*** Opening of Data for the task ***
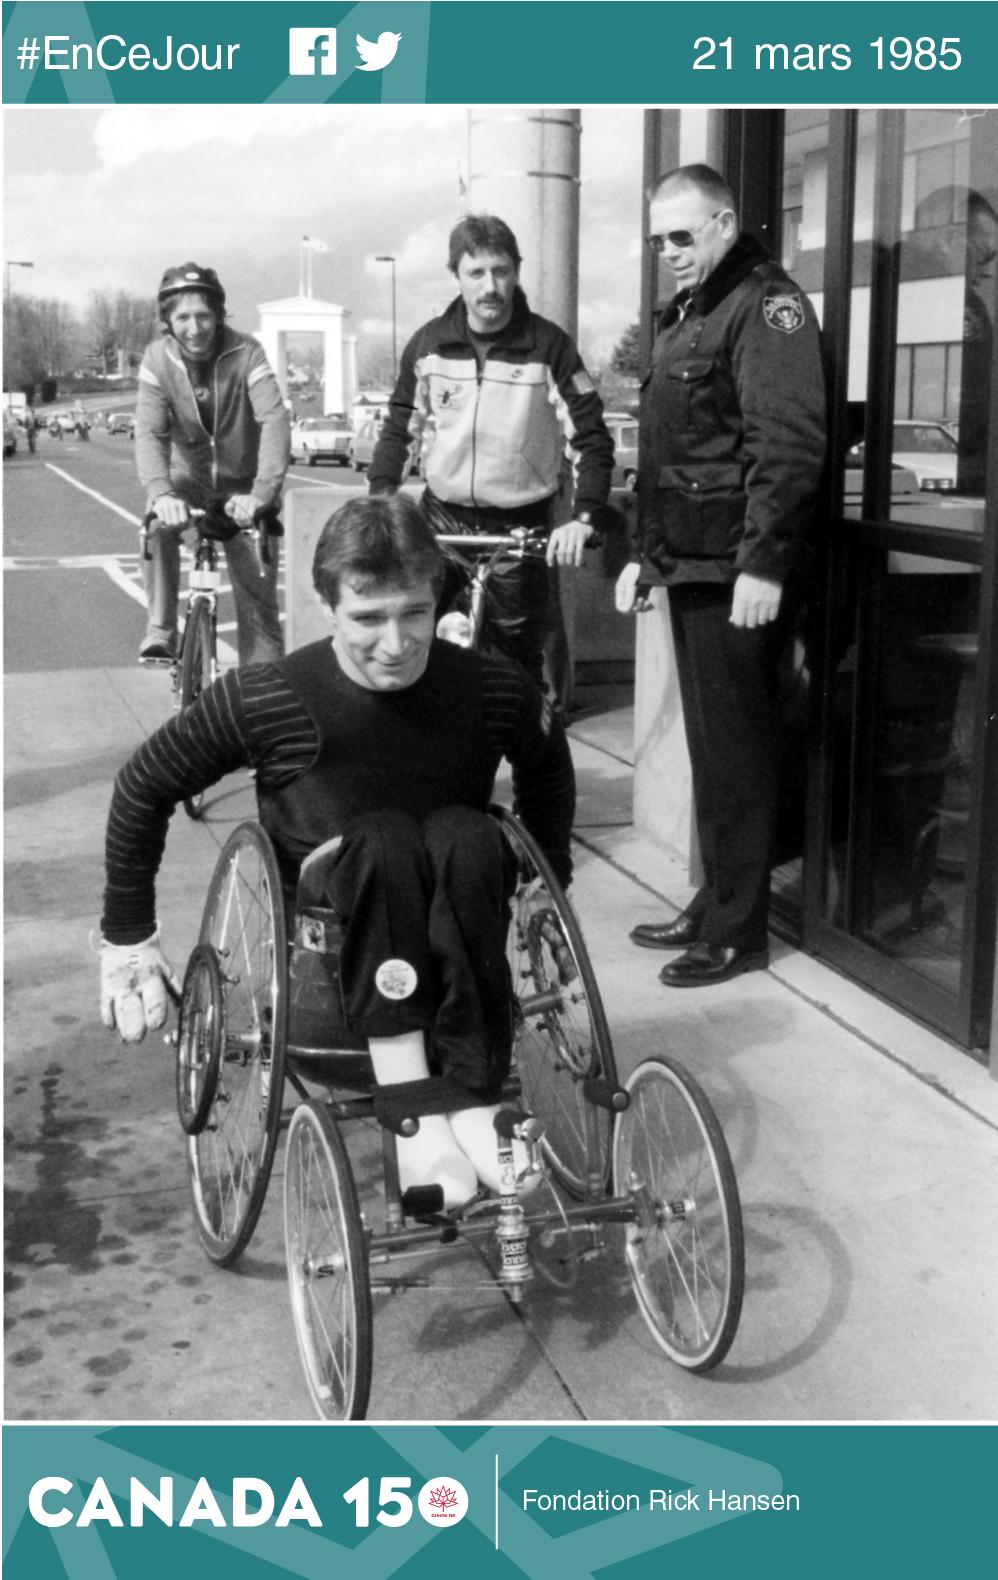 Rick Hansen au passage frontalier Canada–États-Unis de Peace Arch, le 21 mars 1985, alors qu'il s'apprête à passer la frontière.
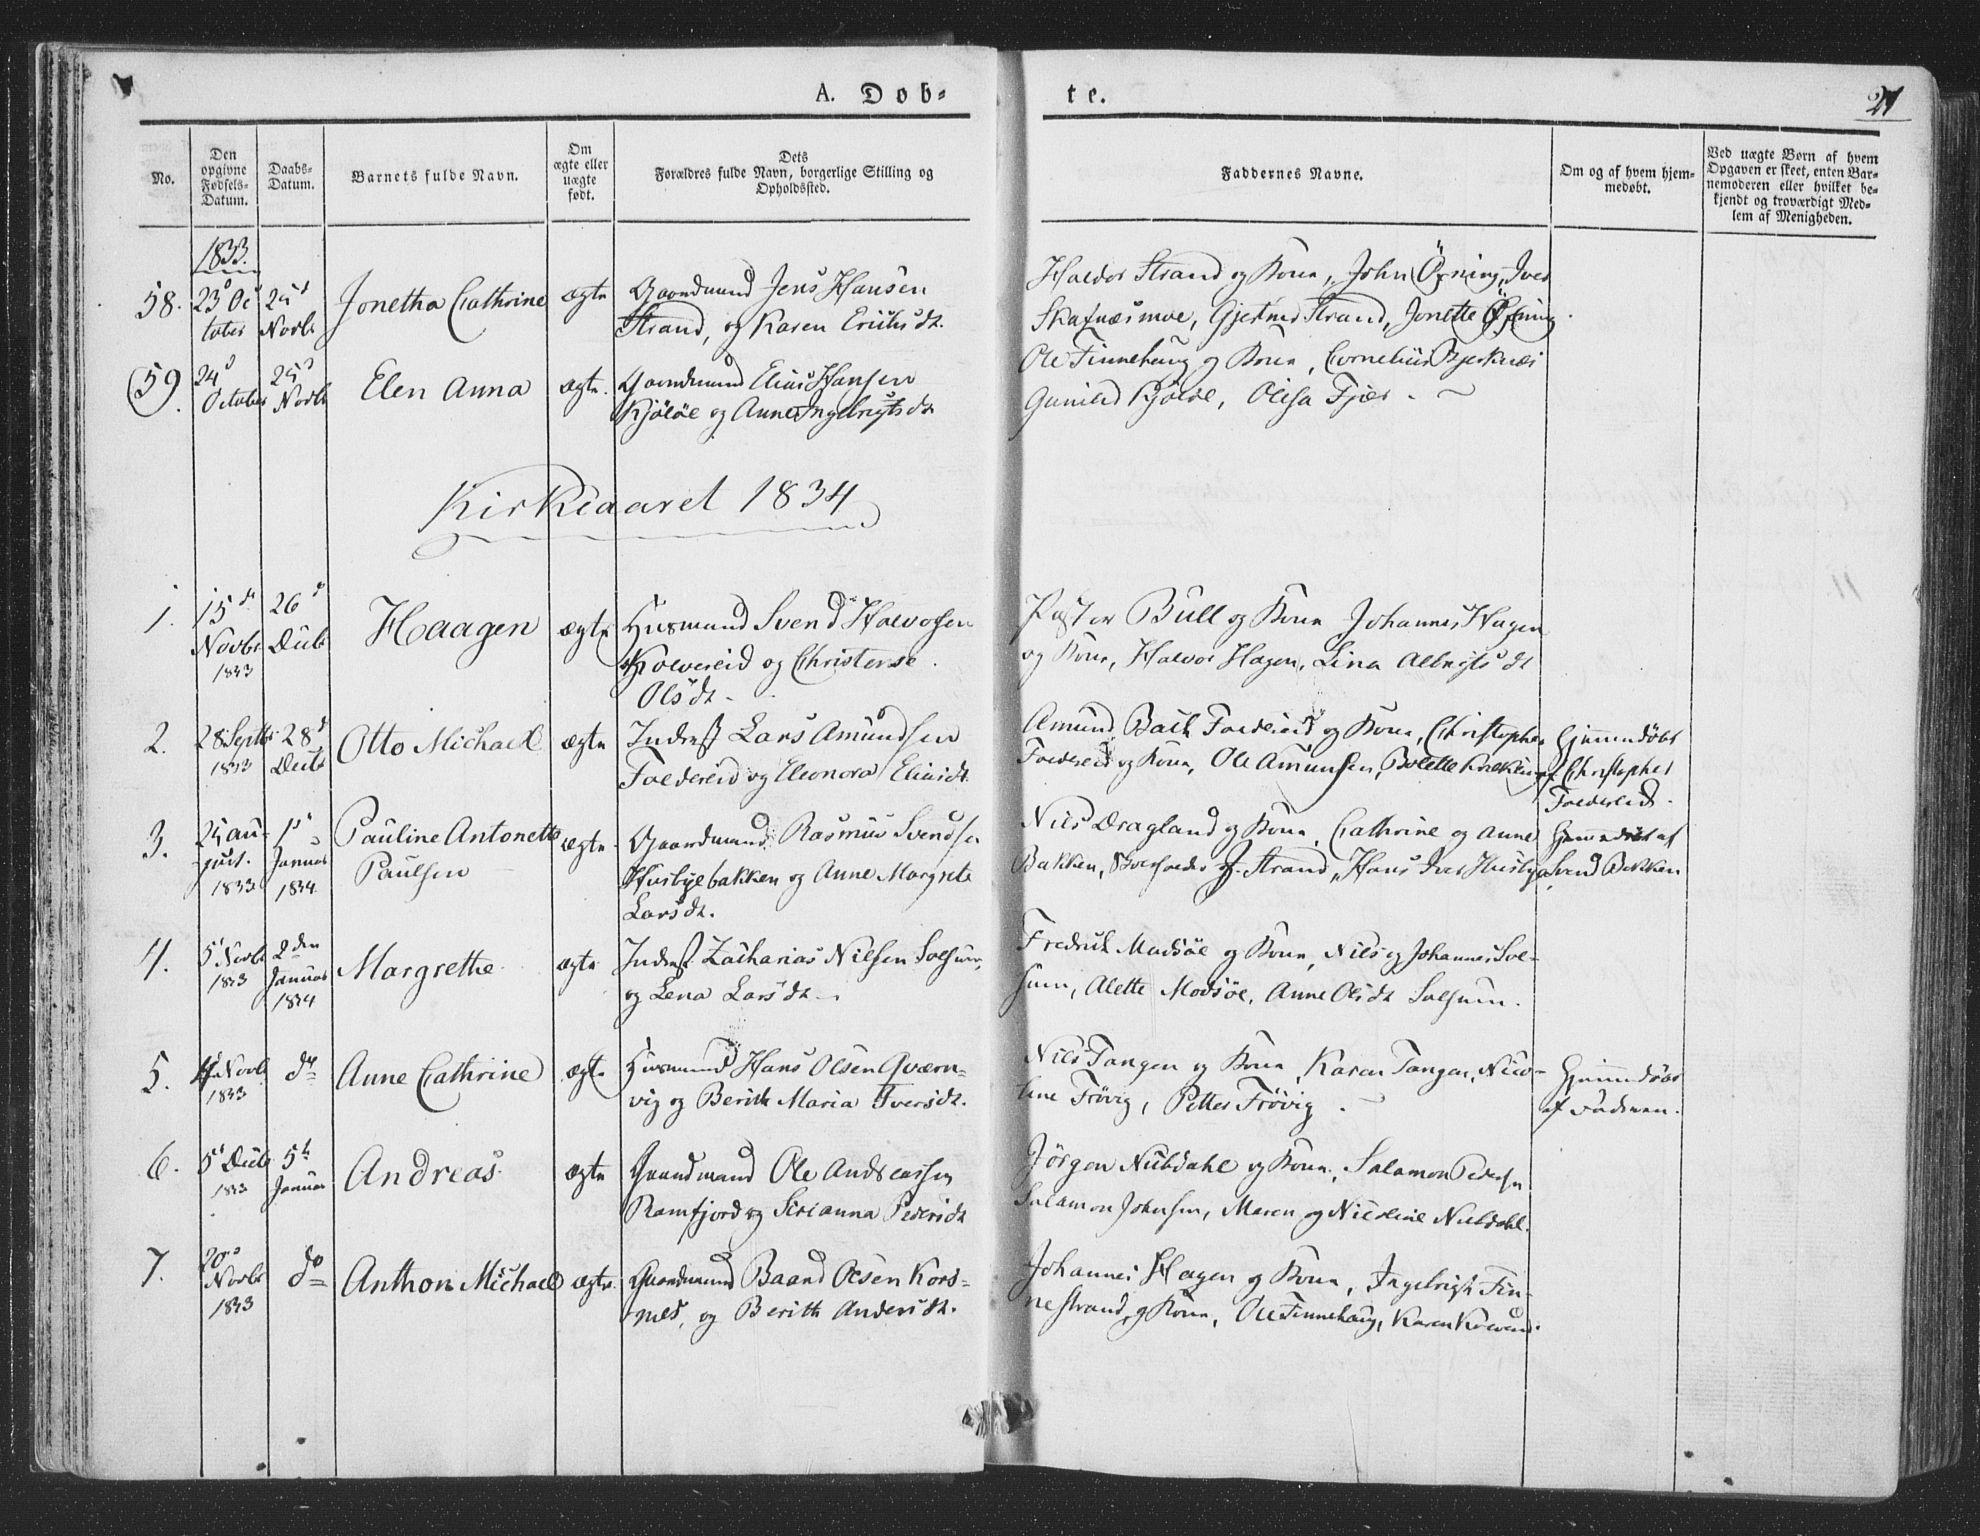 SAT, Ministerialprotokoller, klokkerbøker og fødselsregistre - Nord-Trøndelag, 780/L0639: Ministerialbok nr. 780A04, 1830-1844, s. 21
*** Close of Data for the task ***
*** Opening of Data for the task ***
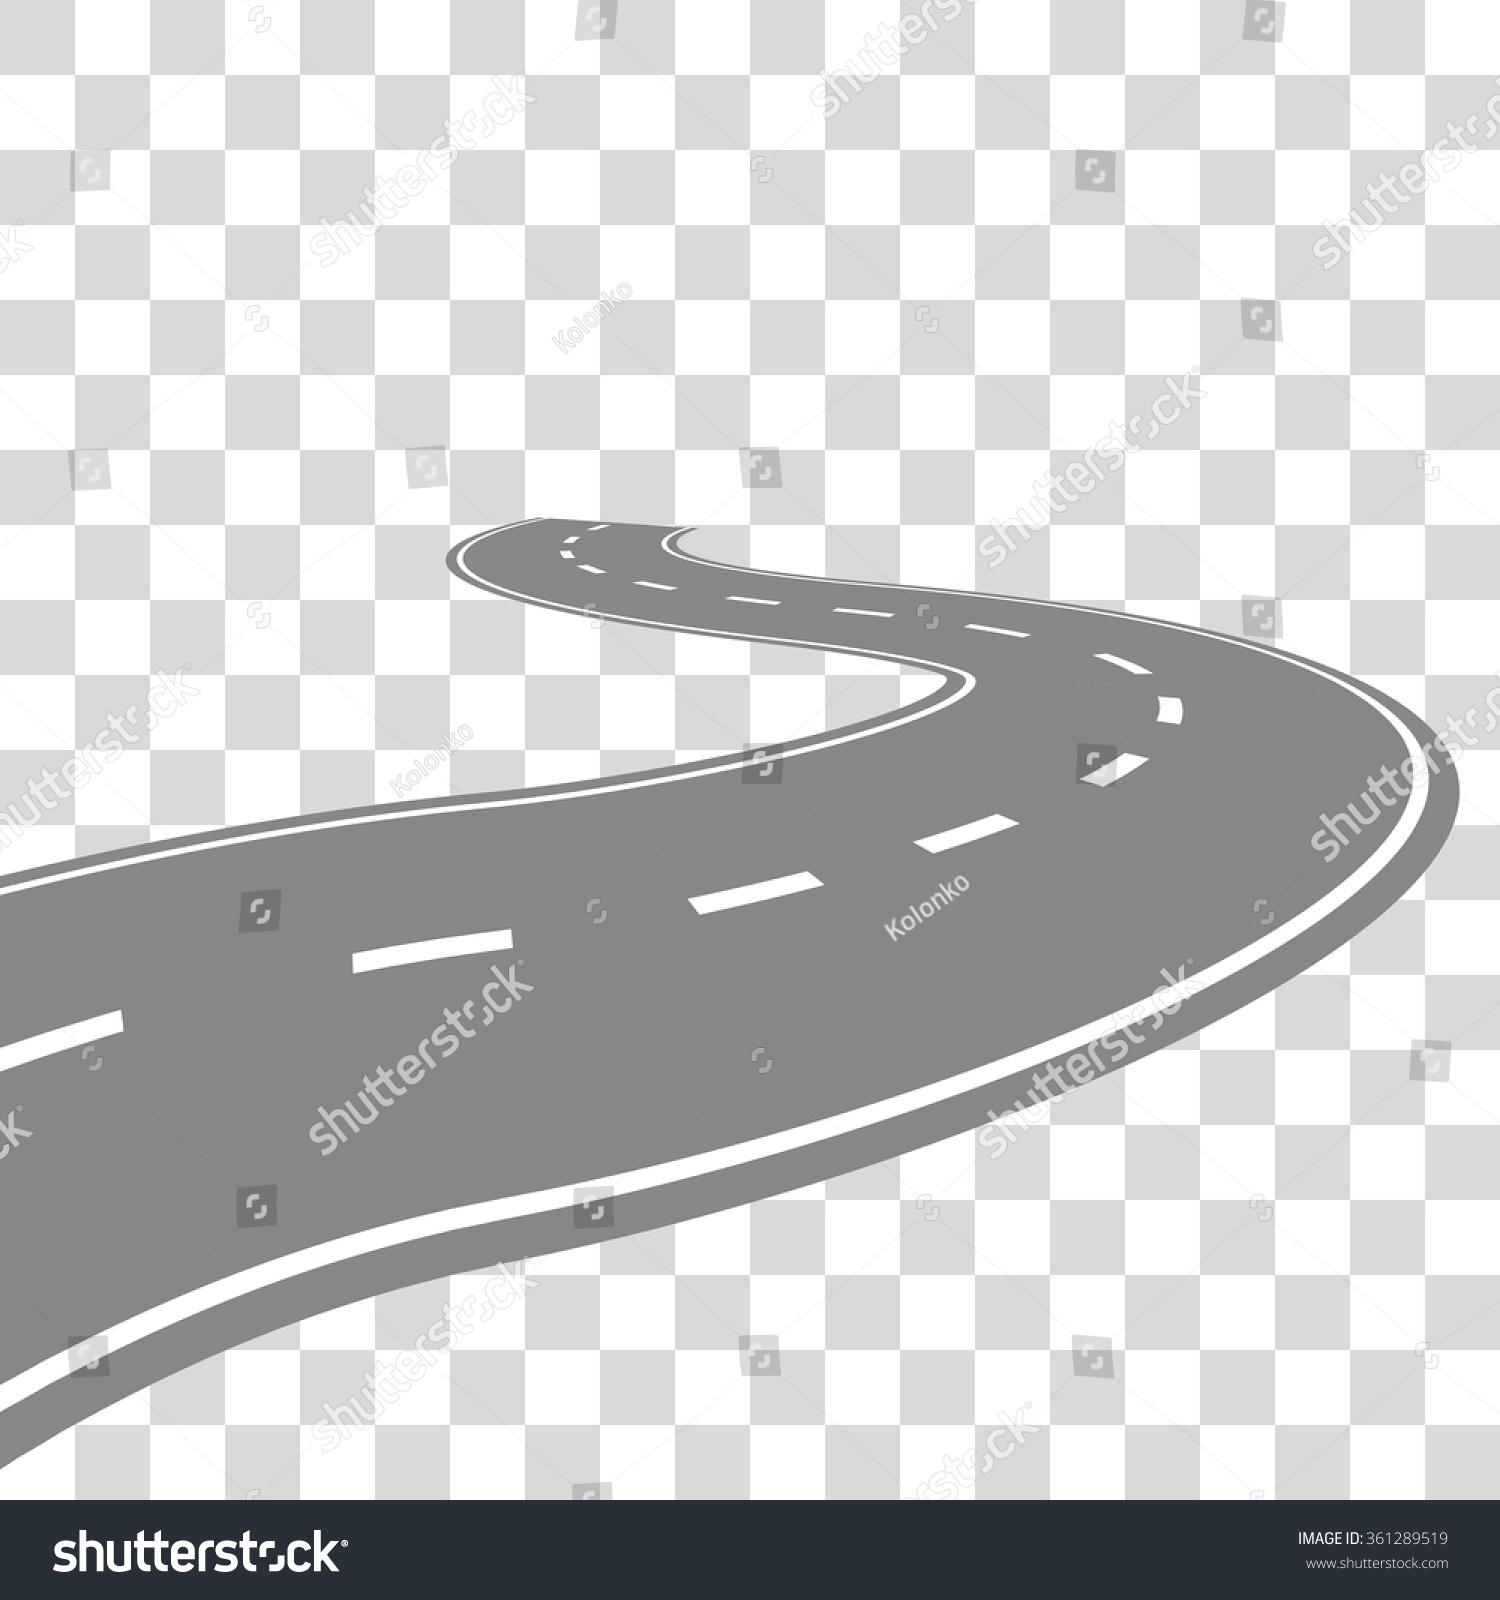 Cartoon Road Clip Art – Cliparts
*** Close of Data for the task ***
*** Opening of Data for the task ***
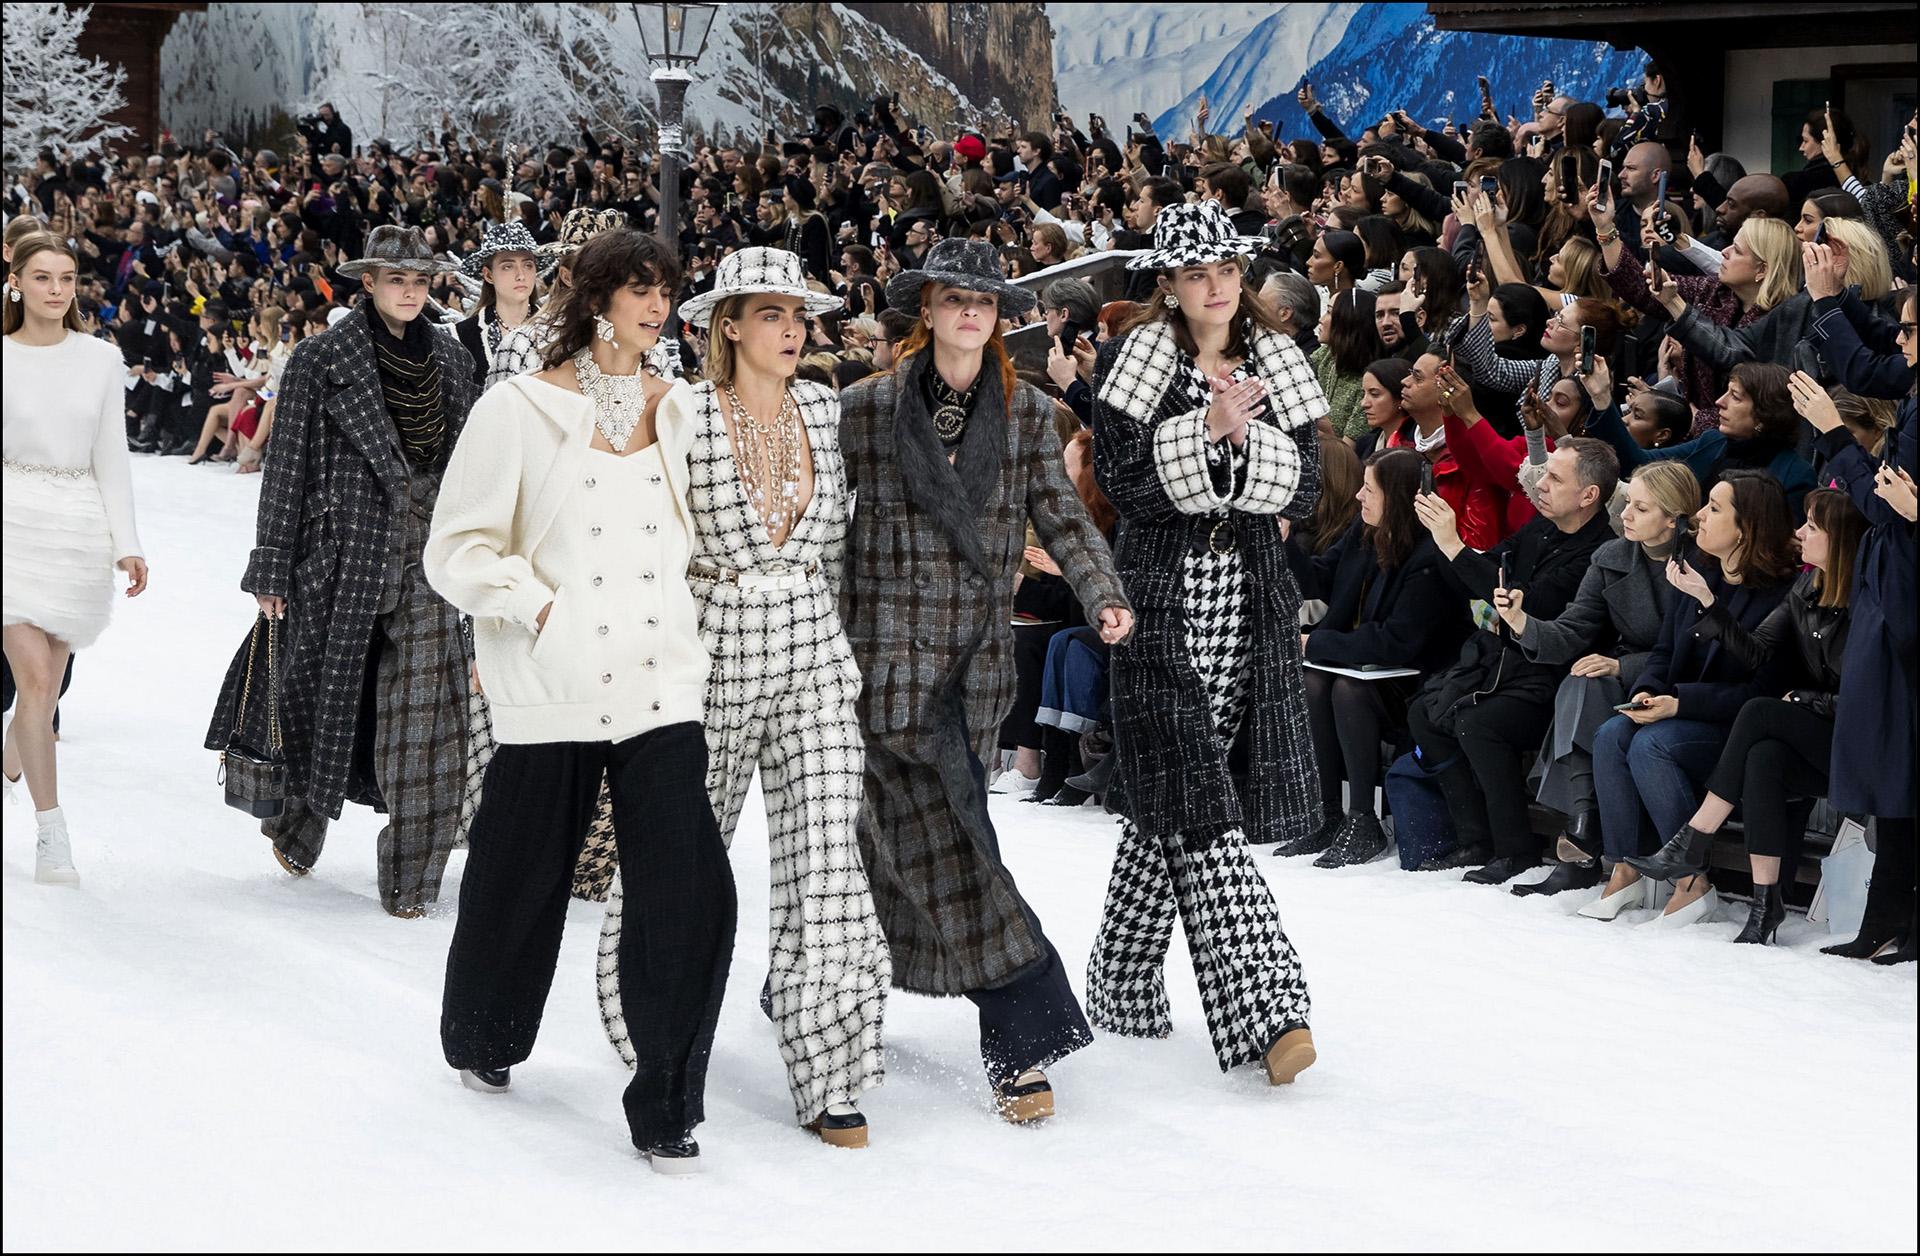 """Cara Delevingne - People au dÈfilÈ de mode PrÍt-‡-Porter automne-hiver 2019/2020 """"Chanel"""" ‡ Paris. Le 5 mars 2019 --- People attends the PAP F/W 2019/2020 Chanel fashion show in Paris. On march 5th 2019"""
*** Close of Data for the task ***
--- Task directions ---
Copy exactly the material above from the line with "Rick Hansen au" to the line with "SAT, Ministerialprotokoller, klokkerbøker", ends included, and nothing else. Leave out any picture.

--- Response below ---
 Rick Hansen au passage frontalier Canada–États-Unis de Peace Arch, le 21 mars 1985, alors qu'il s'apprête à passer la frontière.
 SAT, Ministerialprotokoller, klokkerbøker og fødselsregistre - Nord-Trøndelag, 780/L0639: Ministerialbok nr. 780A04, 1830-1844, s. 21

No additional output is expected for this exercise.